*** Block opens ***

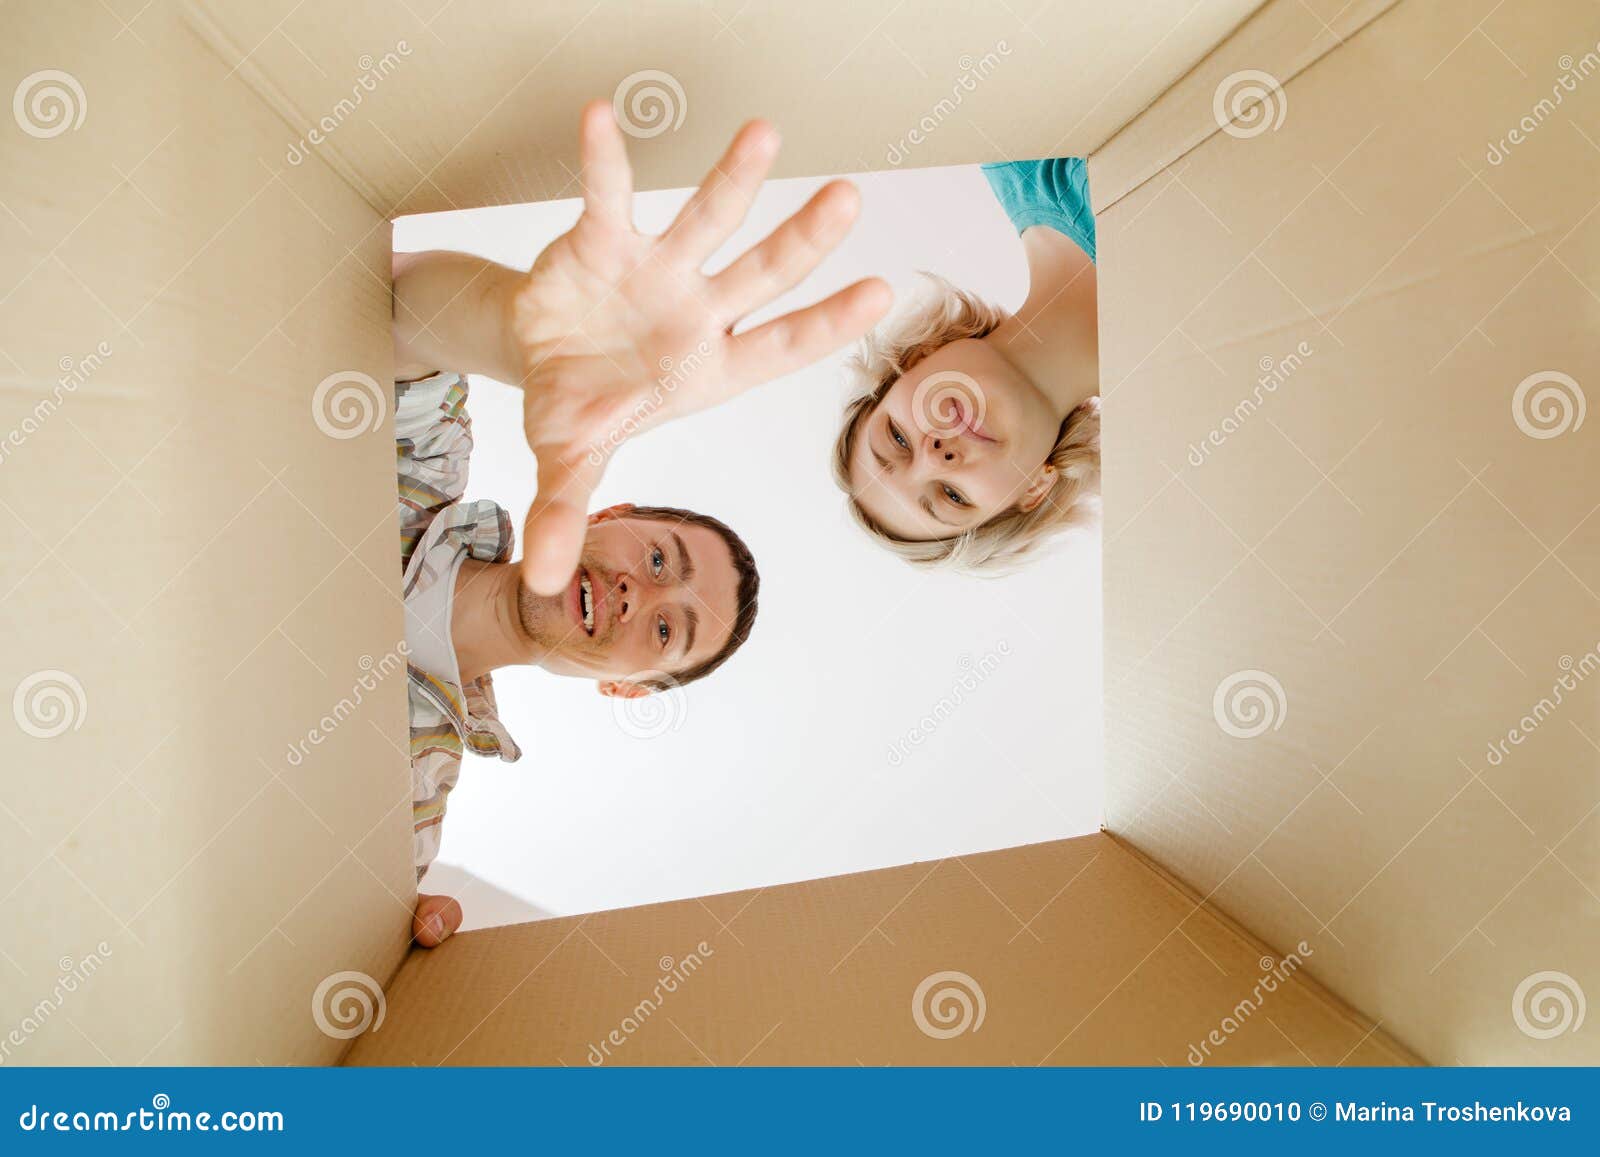 picture of man and woman peering into cardboard box
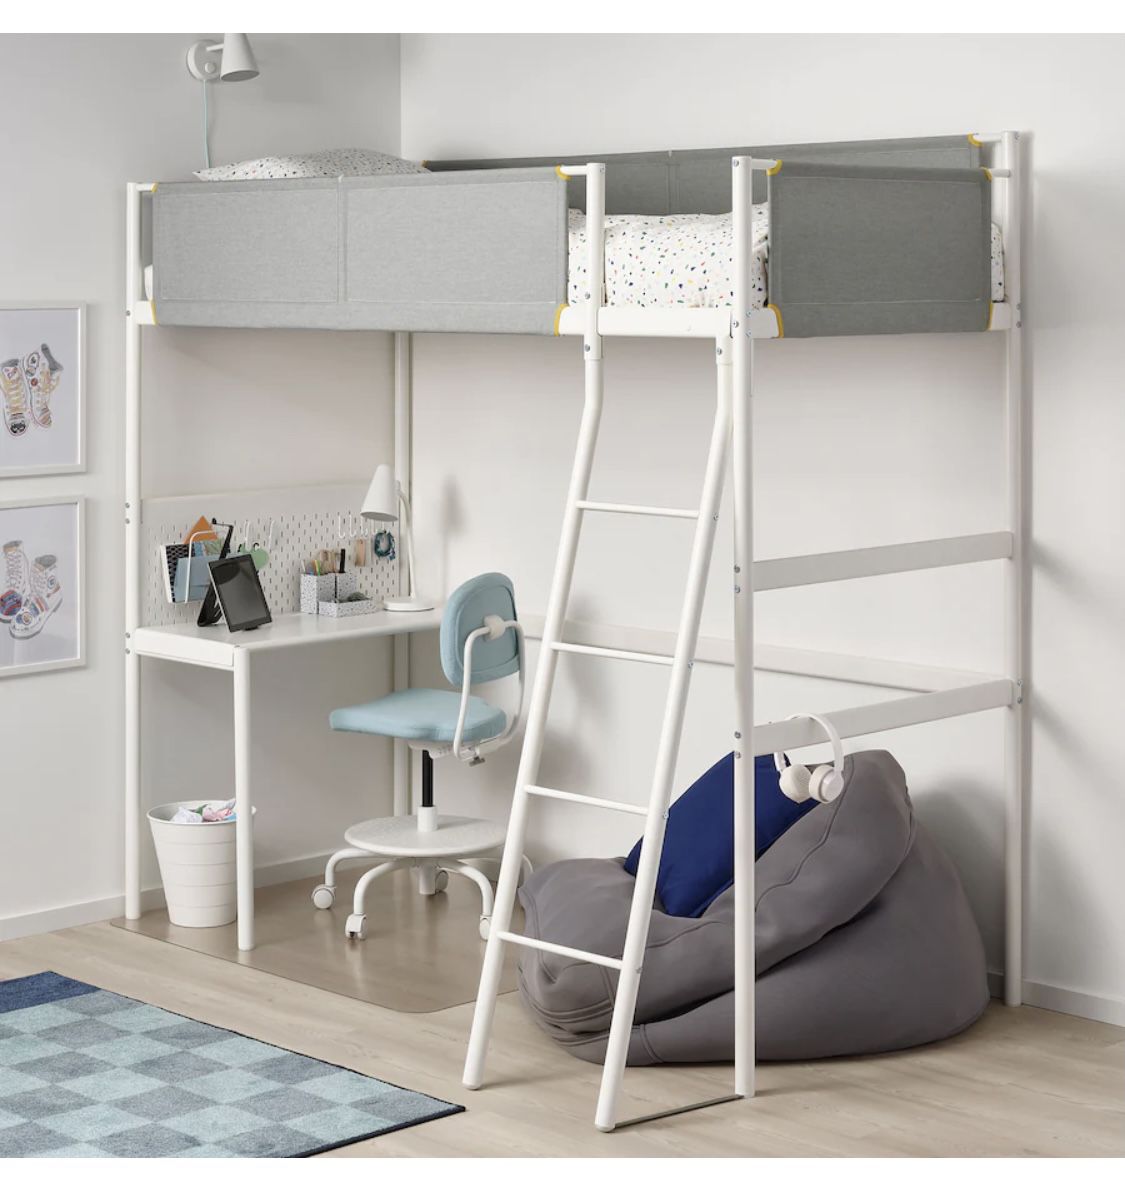 2 Lofted Bunk Beds With Desk
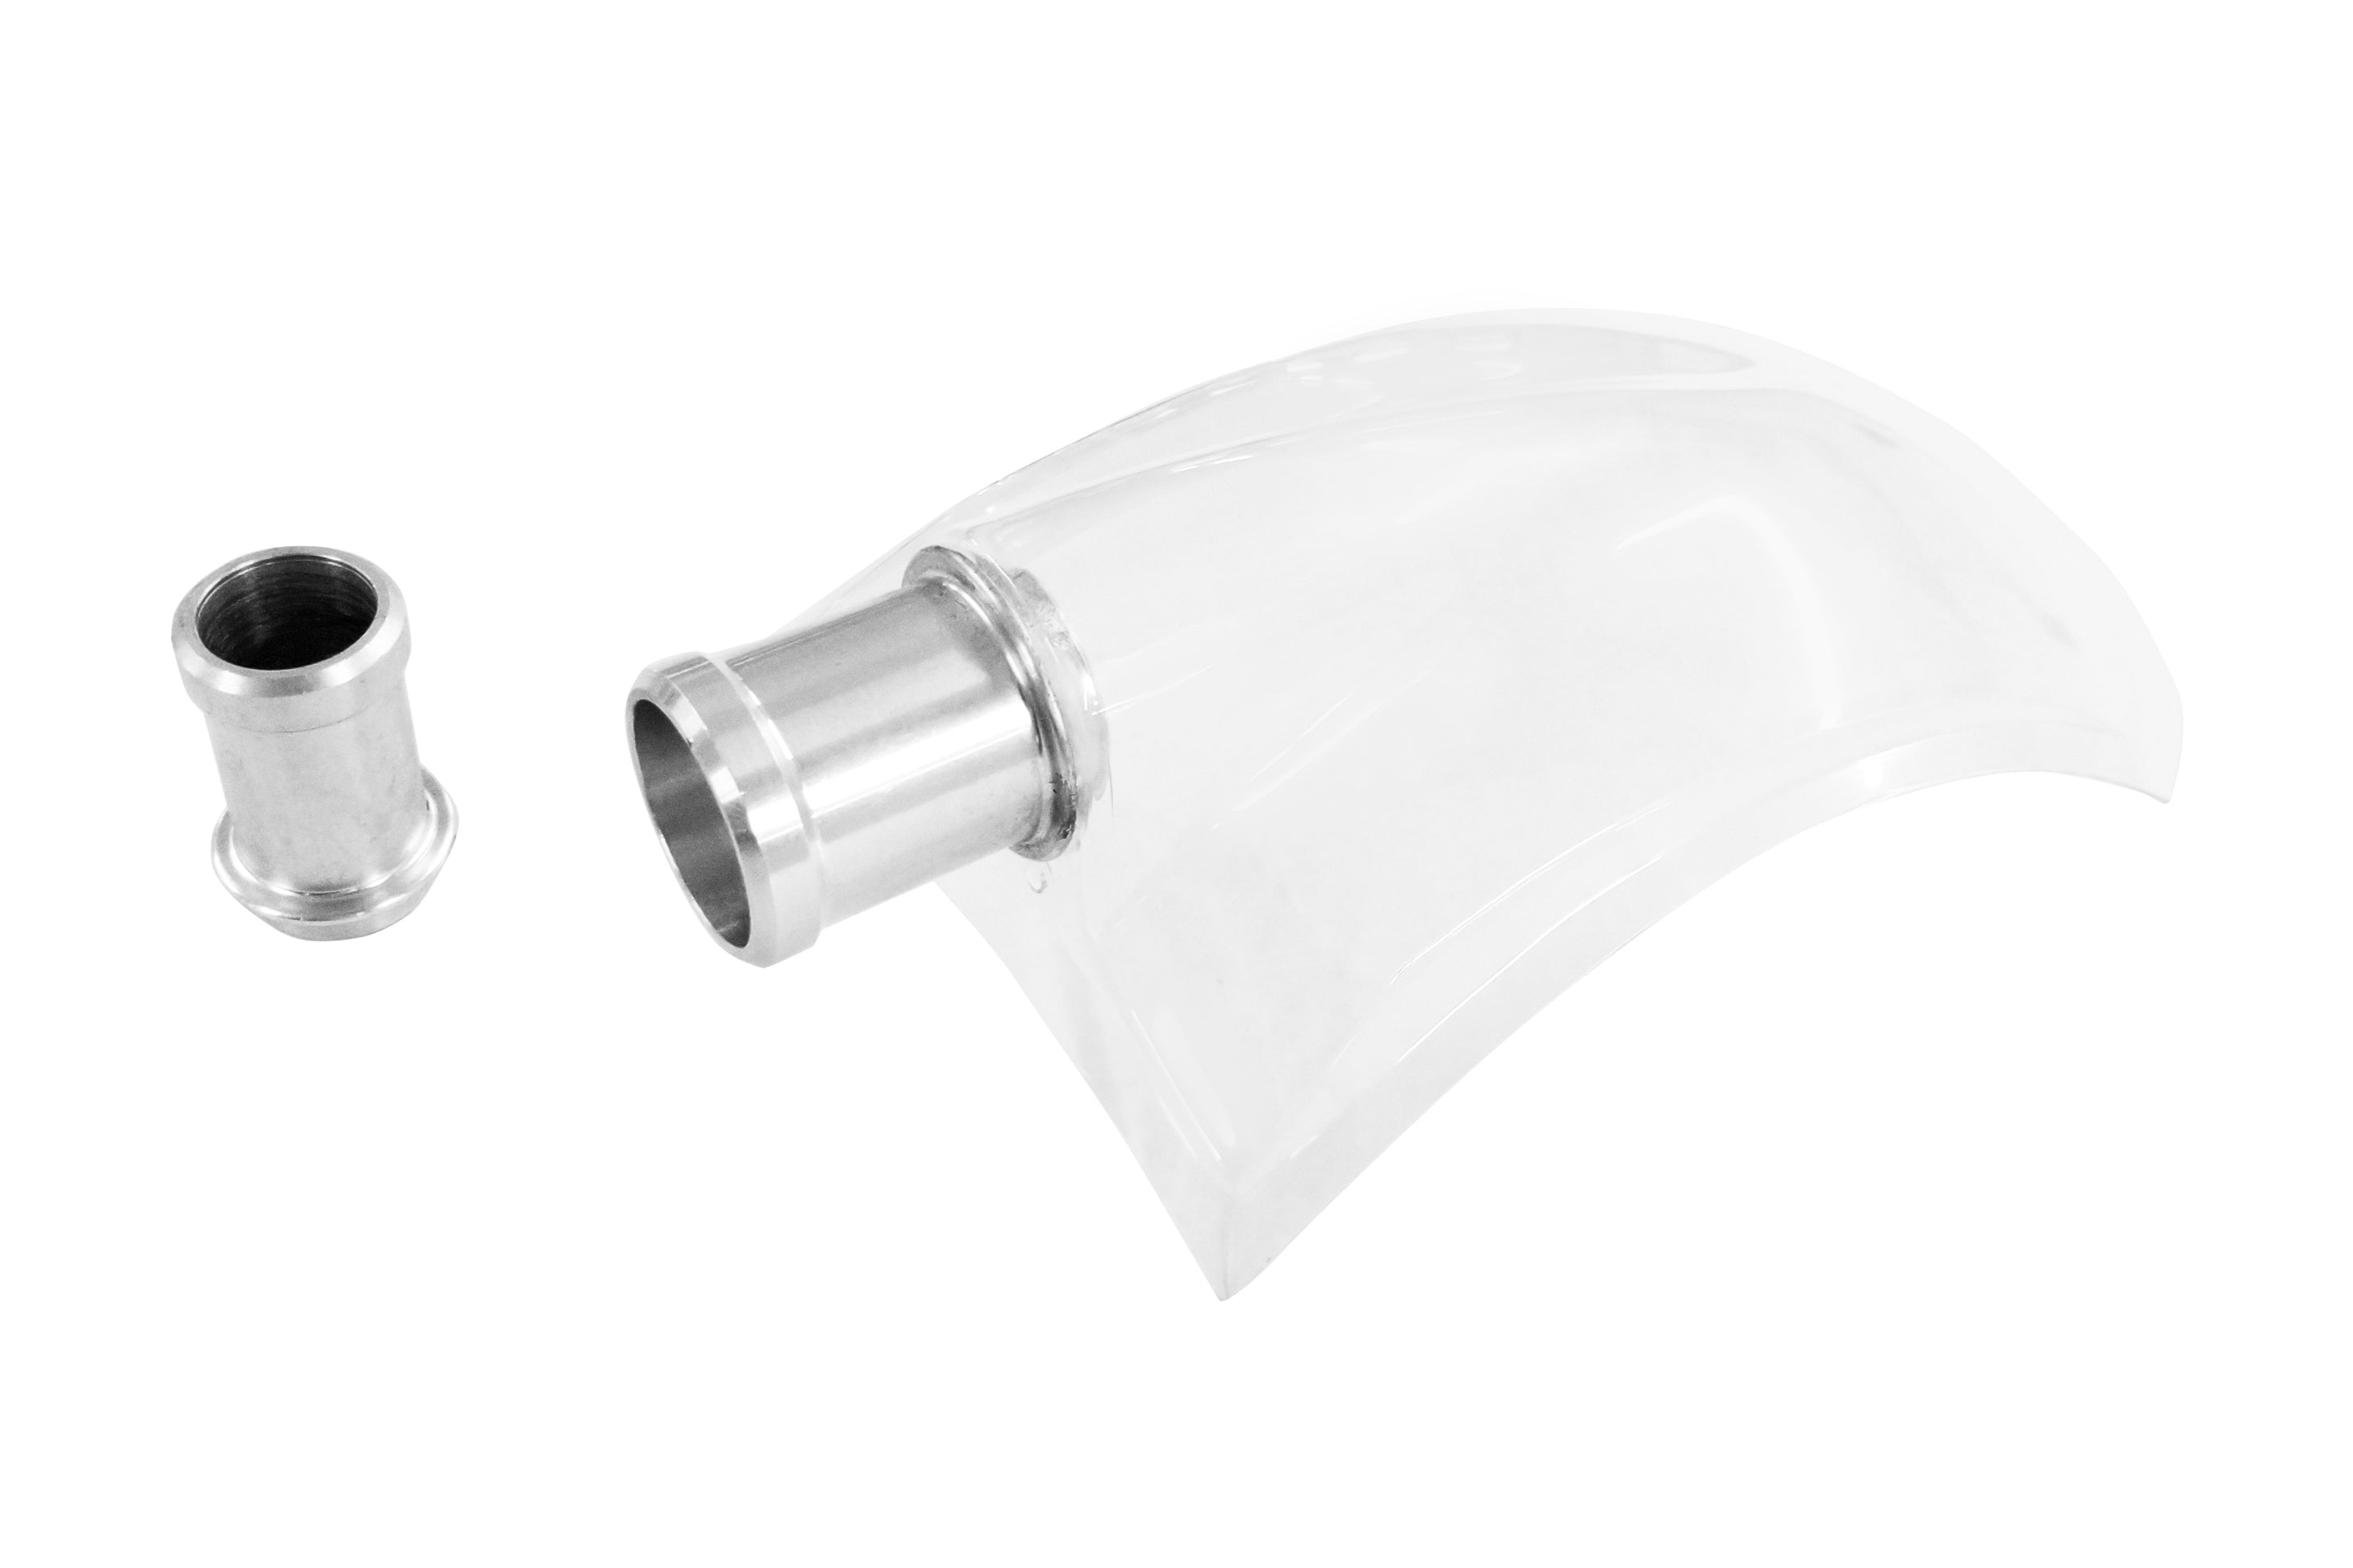 SCHUBERTH 1010008096 Forced air scoop clear - Large Connector Prep. with tape SP1 Photo-1 
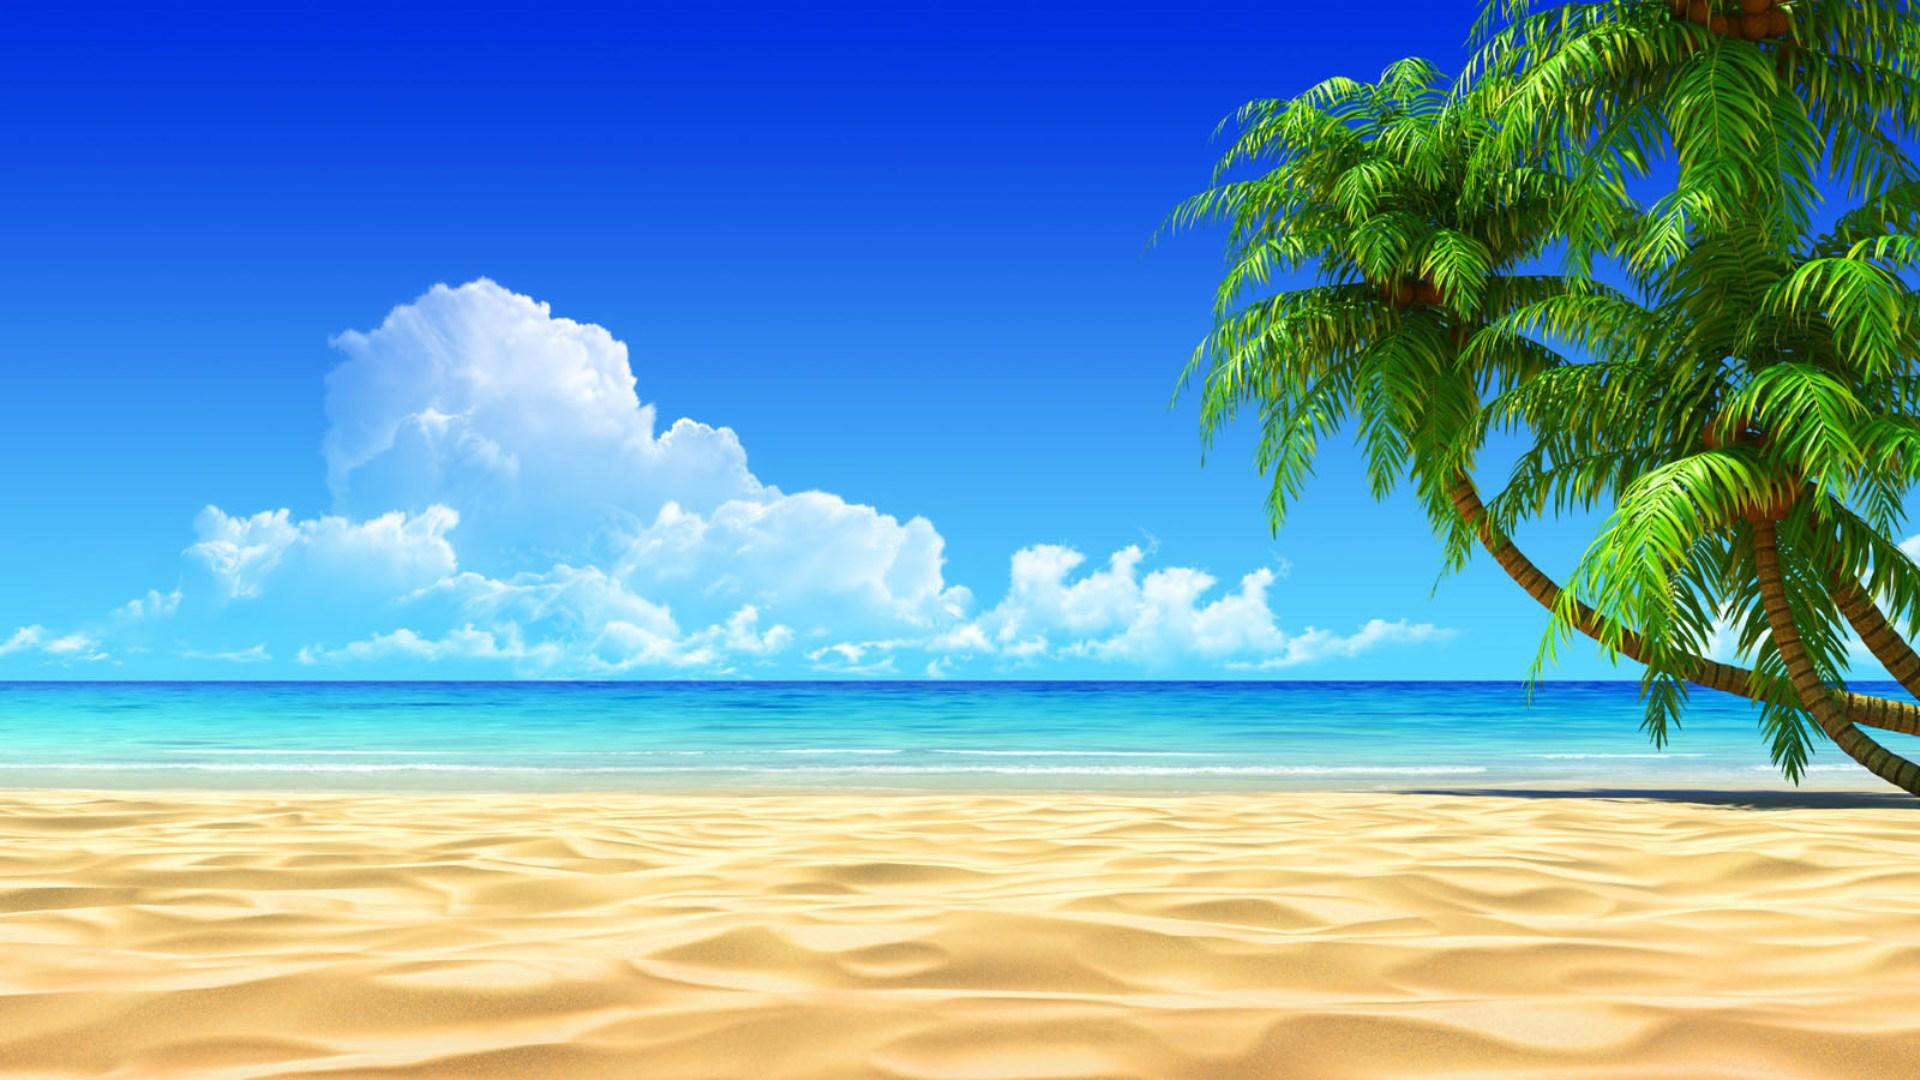 background picture download

*** Block closes ***

__Work task__. From the line holding "SCHUBERTH 1010008096 Forced" to the final line of the data above, give each line again exactly, both ends included, and drop the pictures.

__Your solution__.
 SCHUBERTH 1010008096 Forced air scoop clear - Large Connector Prep. with tape SP1 Photo-1 
 background picture download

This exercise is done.